# DATA EXTRACT
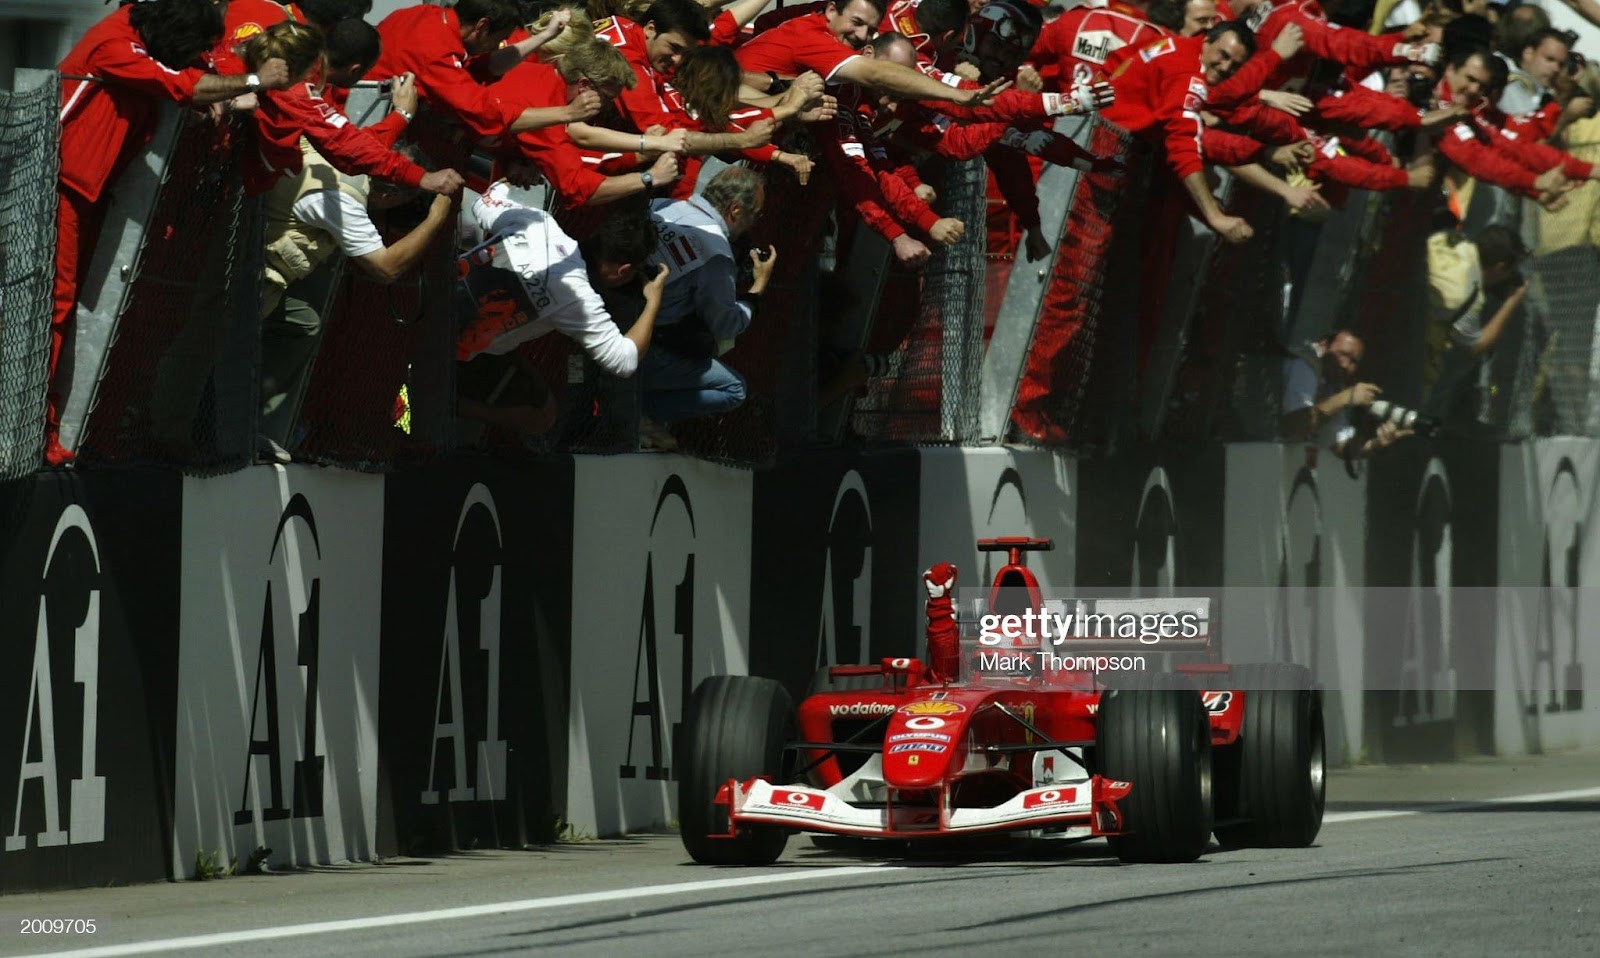 Michael Schumacher, Ferrari, crosses the finish line to win the Austrian Grand Prix on May 18, 2003 at the A1 Ring in Spielberg.
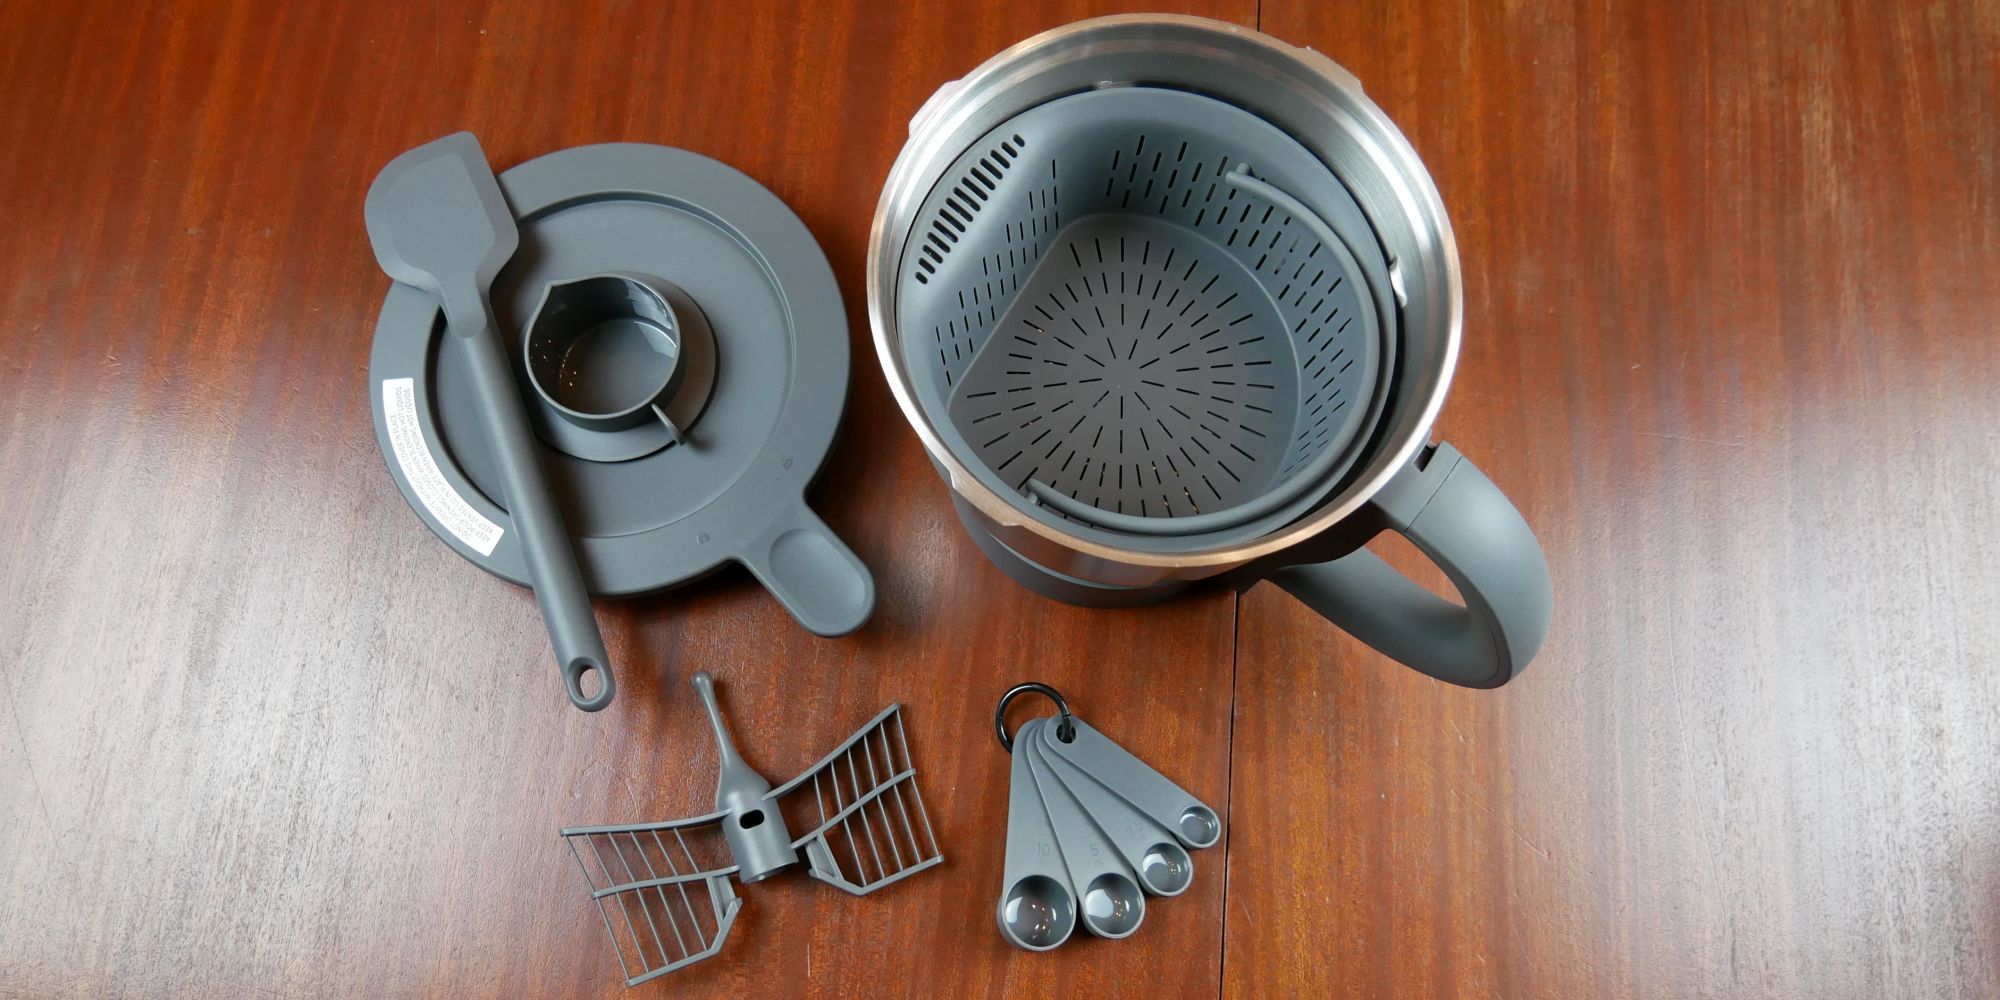 TOKIT Omni Cook Accessories With Basket in Mixing Bowl
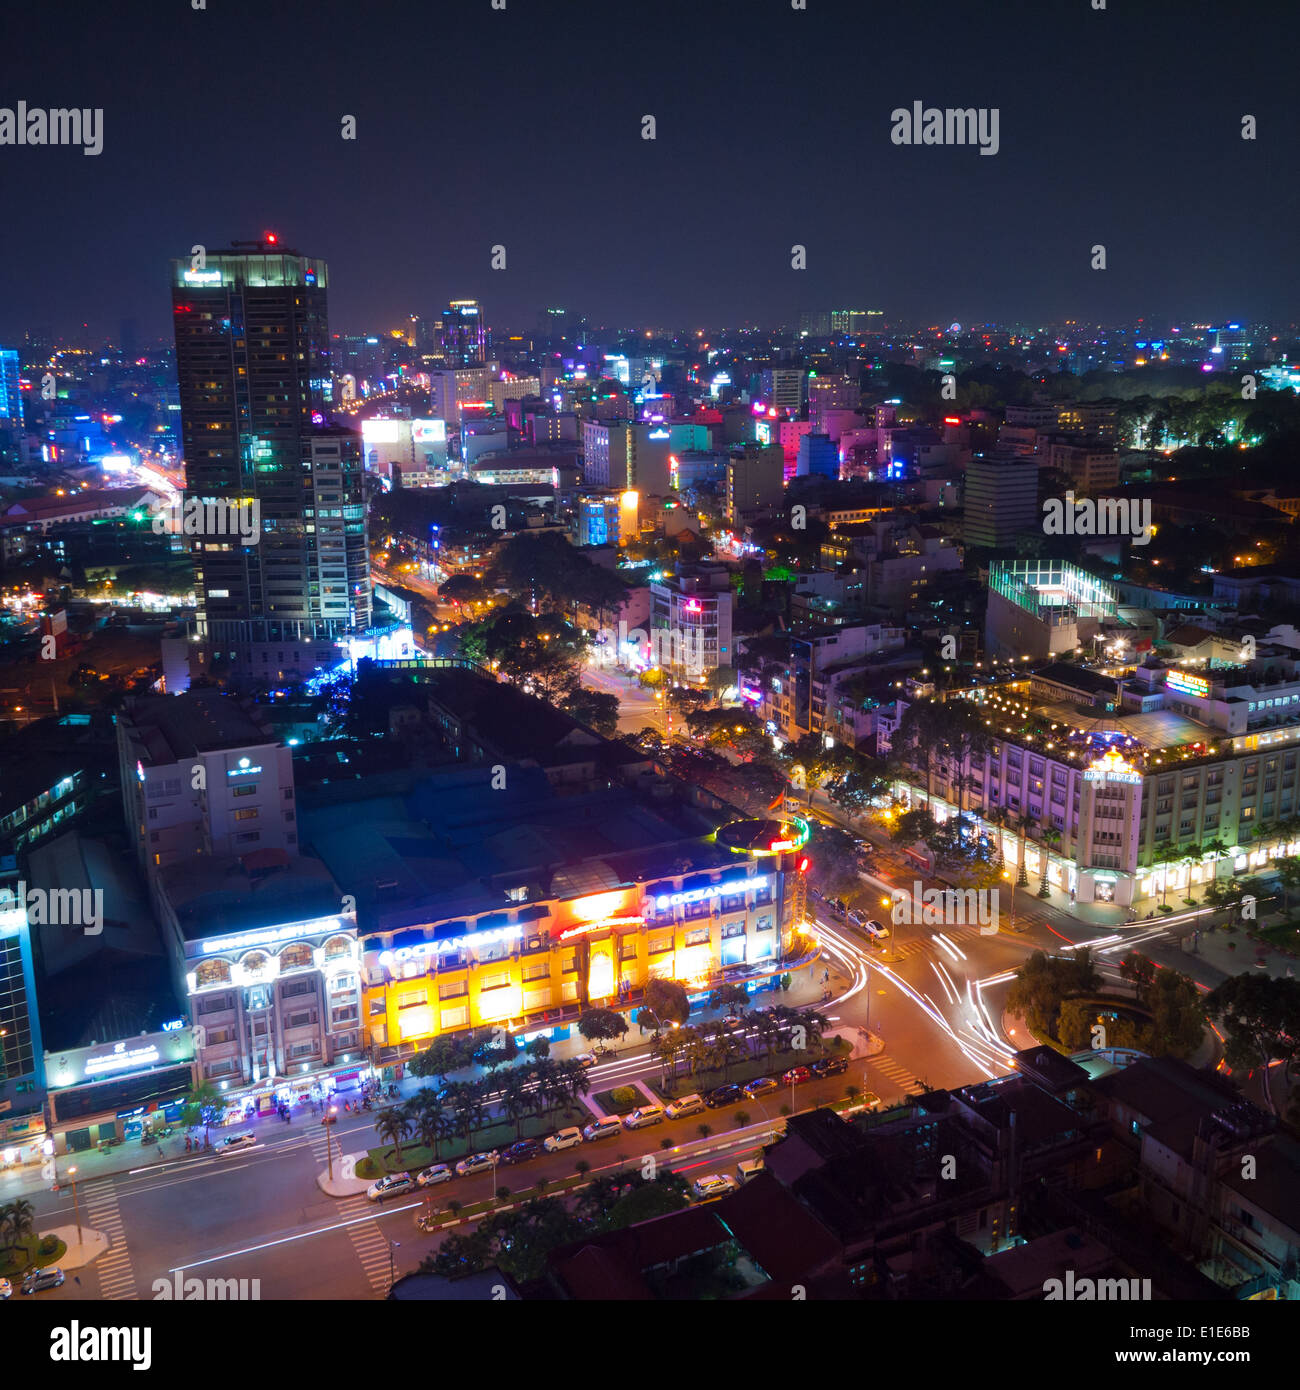 An aerial night view of District 1 in Ho Chi Minh City (Saigon), Vietnam. Stock Photo
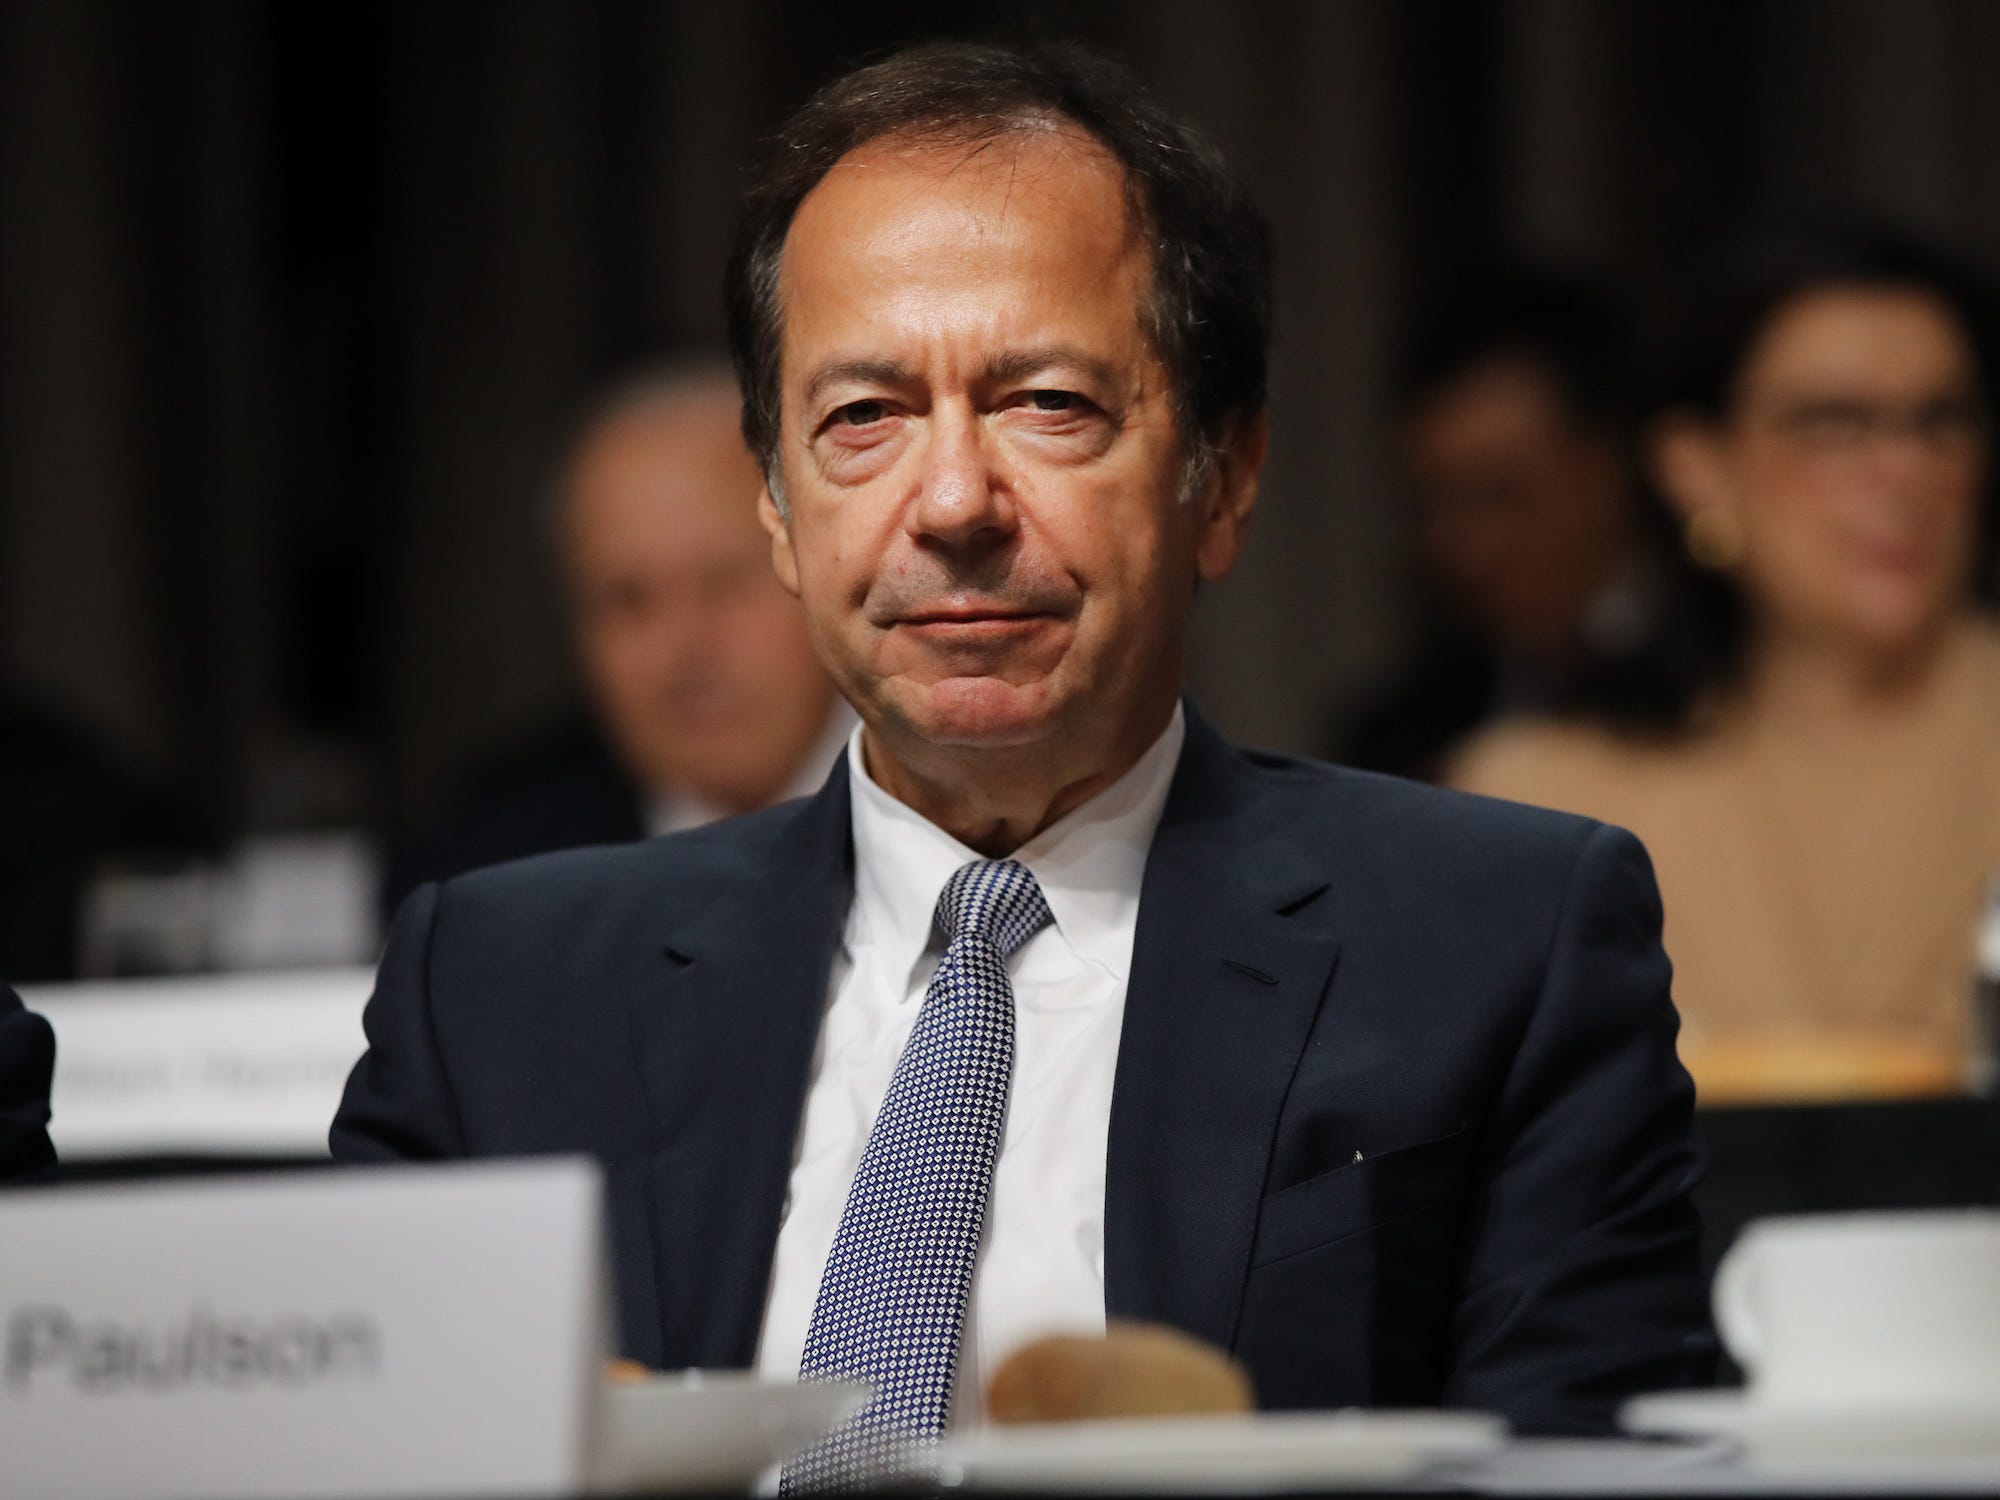 <p>John Paulson, a billionaire hedge fund manager, has contributed $806,300 to the Trump 47 Committee.</p><p>He's long been an associate of the former president and has advised him an economic matters. Bloomberg <a href="https://www.bloomberg.com/news/articles/2024-05-17/donald-trump-treasury-pick-money-machine-john-paulson-or-ex-soros-star-bessent">recently reported</a> that he could serve as Treasury Secretary under a second Trump administration.</p><p>In April, Paulson hosted Trump and his wife, Melania, for a fundraiser at his Palm Beach home. </p><p>That event, attended by several other billionaires on this list, raised more than $50 million, according to the campaign.</p>

# WHAT NEEDS TO BE DONE
Write out exactly, and only, the lines from the line holding "TOKIT Omni Cook" through the end of the data, inclusive, without any pictures.

# WRITTEN RESPONSE
 TOKIT Omni Cook Accessories With Basket in Mixing Bowl
 An aerial night view of District 1 in Ho Chi Minh City (Saigon), Vietnam. Stock Photo
 <p>John Paulson, a billionaire hedge fund manager, has contributed $806,300 to the Trump 47 Committee.</p><p>He's long been an associate of the former president and has advised him an economic matters. Bloomberg <a href="https://www.bloomberg.com/news/articles/2024-05-17/donald-trump-treasury-pick-money-machine-john-paulson-or-ex-soros-star-bessent">recently reported</a> that he could serve as Treasury Secretary under a second Trump administration.</p><p>In April, Paulson hosted Trump and his wife, Melania, for a fundraiser at his Palm Beach home. </p><p>That event, attended by several other billionaires on this list, raised more than $50 million, according to the campaign.</p>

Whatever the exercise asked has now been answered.